Taking the Helm

4.2

Taking the Helm

A unit, a letter, a new start

Thursday and Saturday

By February 1993, I had been an MD for nearly a decade. In medicine, ten years is a long time to remain the fellow who is always “helping” and never quite leading. I was a Reader in Medicine by then—experienced enough to know my way around the wards, yet still functioning as a dependable second-in-command.

The work was steady. The days were full. But somewhere inside, a small restlessness had begun to tap its foot.

The turning point came at a wedding, not in a ward. I was in Pune for the wedding of Sujata Bajaj—Radhakrishnaji Bajaj’s daughter—to Rune Larson. It was February 1993. The hall was buzzing in that familiar Indian way: loud greetings, relatives searching for chairs, photographers shouting instructions, and people eating as if the baraat might snatch away the food.

In the middle of that cheerful chaos, I found a quiet moment with Mr. Dhirubhai Mehta. He had joined the Kasturba Health Society in 1982 and had the rare ability to understand both files and feelings. I decided to be honest with him.

“Dhirubhai,” I said, “I’ve been here for years. I have the degree and the experience. But I’m still working in someone else’s shadow, and it is slowly dampening my zeal. If I don’t get the independence to run a unit, I fear I’ll stop growing.”

He listened without interrupting, the way good administrators sometimes do—silently, but with attention. He didn’t promise anything. He didn’t even say much. But I had a feeling he had heard me properly.

A few weeks later, back in Sevagram, the wheels began to turn.

On March 1, 1993, a notice appeared on the department board: a new unit was being created for me. For a few seconds I felt relieved, almost boyishly pleased. Finally, I thought, a unit of my own.

Then I read the rest.

The administration had divided the department into “Major” and “Minor” units. Units I and II were given two OPD days each. Units III and IV—the newer units—were given only one OPD day each. On paper, it was just a timetable. In real life, it meant something else. In a teaching hospital, patients are our textbooks. Fewer OPD days meant fewer patients, fewer discussions, fewer opportunities for residents to learn by seeing and doing.
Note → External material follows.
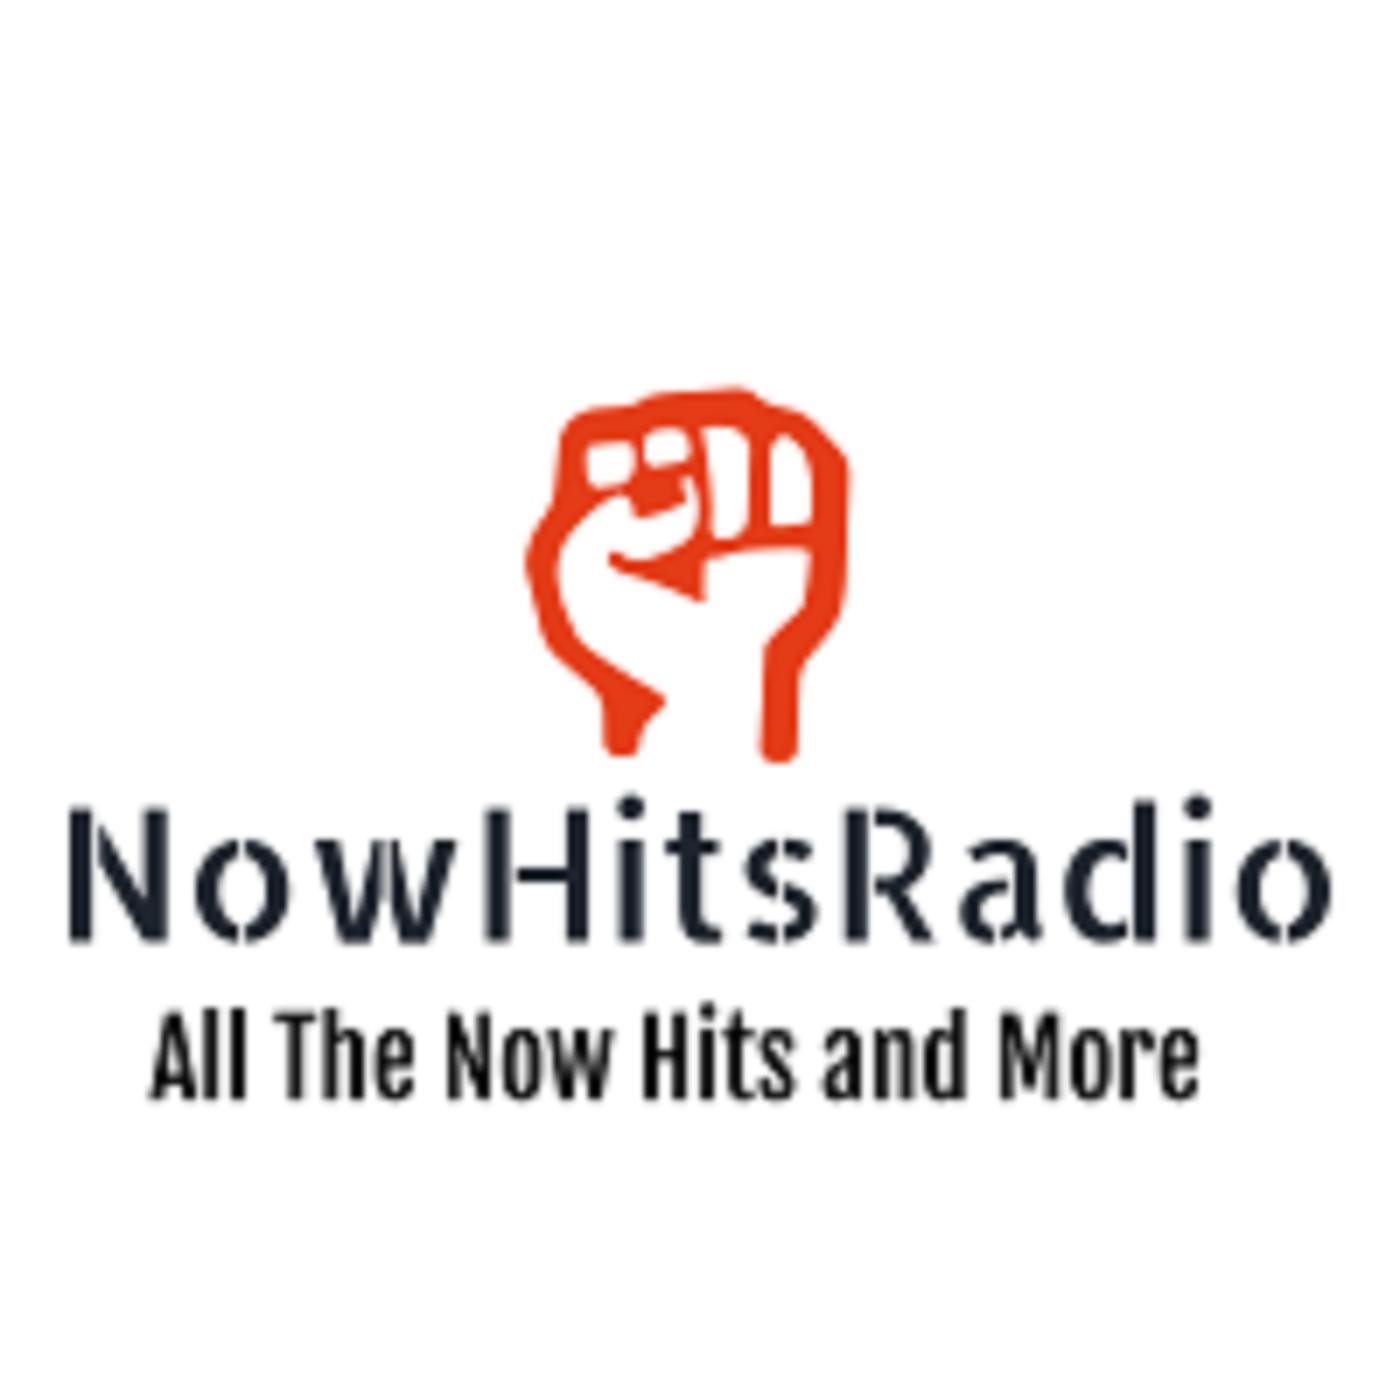 nowhitsradiouk

A “minor unit” was not a minor thing.

There was another line that made me uncomfortable. The notice said I would share OPD duties with Dr. Ulhas Jajoo—my senior colleague and close friend. To accommodate this new arrangement, Ulhas had been asked to give up one of his OPD days. I stared at the notice for a while, hoping it would rewrite itself out of politeness.

It didn’t.

It felt unfair in two ways. My unit would start with less clinical material, and Ulhas would lose a day despite years of service. I knew the intention was not unkind. It was simply the usual administrative jugglery—three balls in the air and one landing on someone’s head.

I could have accepted it quietly. Many people would have. After all, even a “minor unit” was better than none. But I also knew that if I began my independence by accepting something that didn’t feel right, I would spend the rest of my career adjusting and compromising, and calling it maturity.
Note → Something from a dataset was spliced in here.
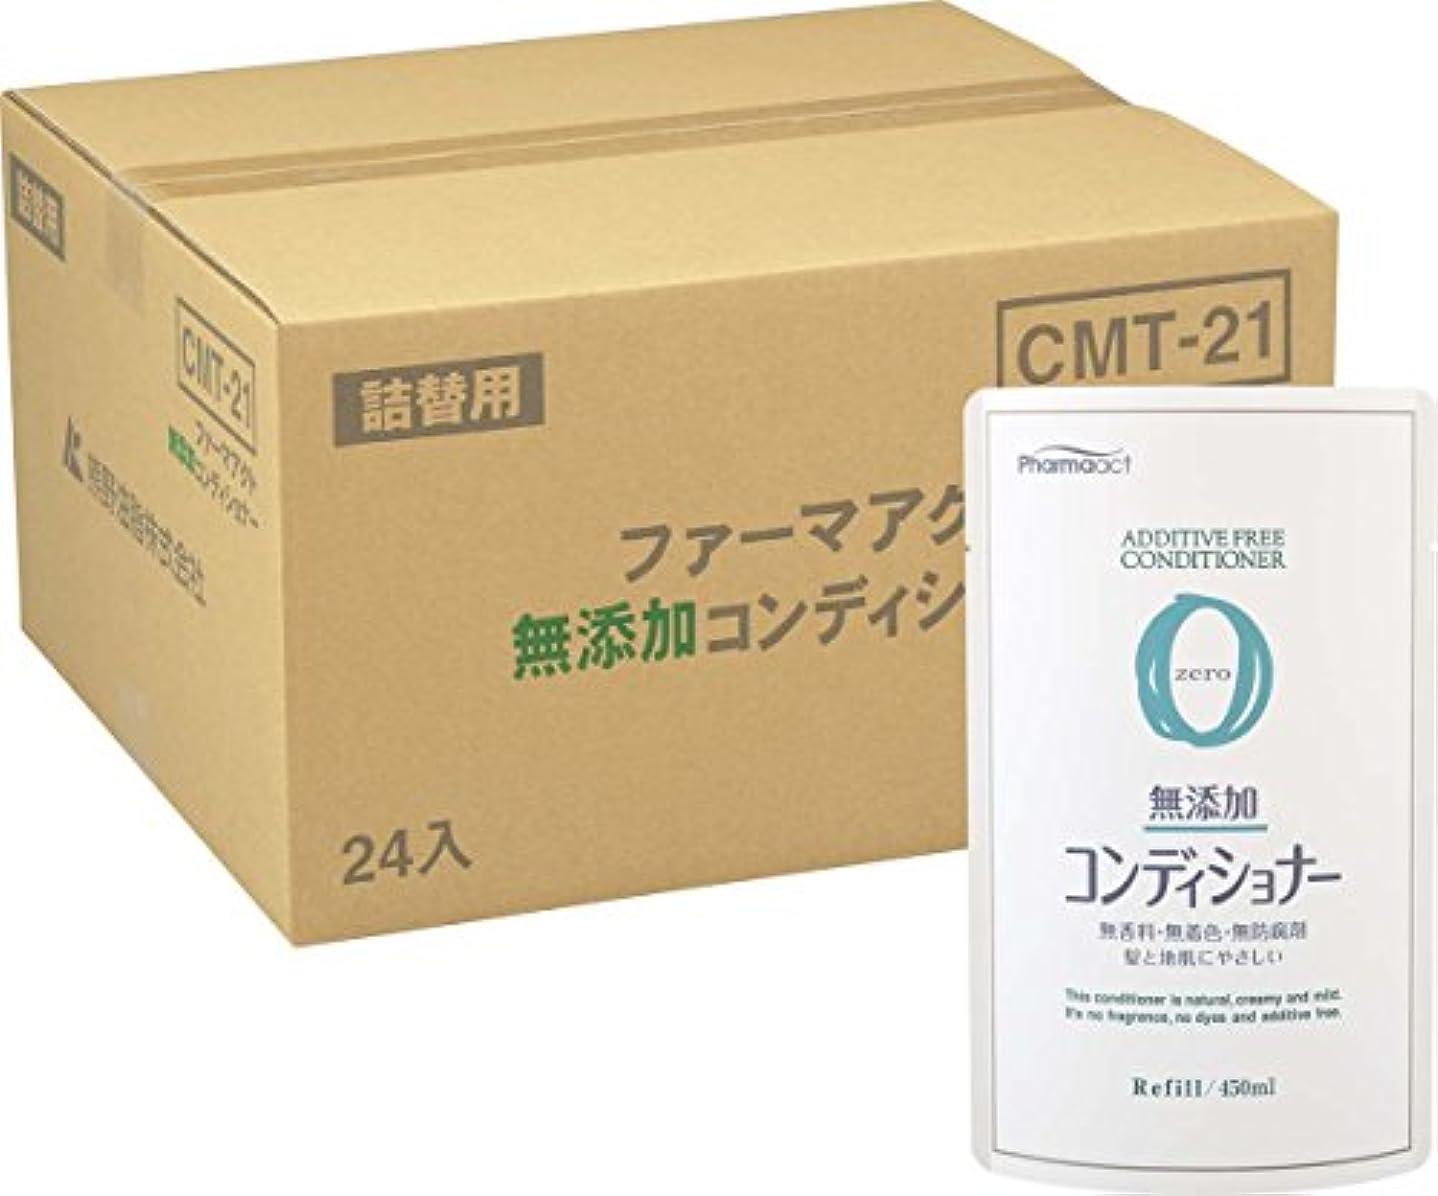 アスペクト六分儀識別【ケース販売】ファーマアクト 無添加コンディショナー詰替用 450ml×24個入

That evening, I went home and pulled out my Brother portable typewriter. Its clack-clack-clack filled the room, making my protest sound louder than it actually was. I wrote to our Head of the Department, Dr. O.P. Gupta. I kept the tone respectful and the argument simple. I said the “Major–Minor” divide would breed resentment among junior faculty and create second-class units inside the same department. I also wrote clearly that Ulhas did not deserve to lose an OPD day after serving the institute for so long.

Then I suggested a solution that even a tired resident could understand: distribute OPD and indoor work equally across all four units.

After I signed the letter, I sat for a moment, feeling my heartbeat a little too loud for a man who had only typed a page. In medical colleges, questioning a notice is not considered a hobby. It is treated like a mild infection—people watch it carefully.

To my surprise, Dr. Gupta did not take offence. He did not call me in for a scolding, and he did not make me feel like an overconfident junior. He did something far better. That very day, he withdrew the earlier notice and issued a revised one. The “Major” and “Minor” labels disappeared. The work was redistributed evenly. And I was given full independent charge.

My OPD days were fixed: Monday and Thursday. My emergency duty was set for Thursdays and every fourth and fifth Sunday of the month. I read the new roster twice, as if it might vanish if I blinked too hard. It didn’t.

That evening I felt something loosen inside me. I wasn’t just relieved. I was quietly grateful—first to Dhirubhai for listening, and then to Dr. Gupta for responding with fairness instead of ego.

I also learnt a small professional lesson that has stayed with me: competence is important, but sometimes you must speak up—politely, clearly, and on time. If I hadn’t spoken in Pune, and if I hadn’t typed that letter in Sevagram, I would probably have continued doing my work with a smile on the face and a grumble in the heart.

Instead, I finally had a unit of my own to run—and no reason to keep looking over my shoulder.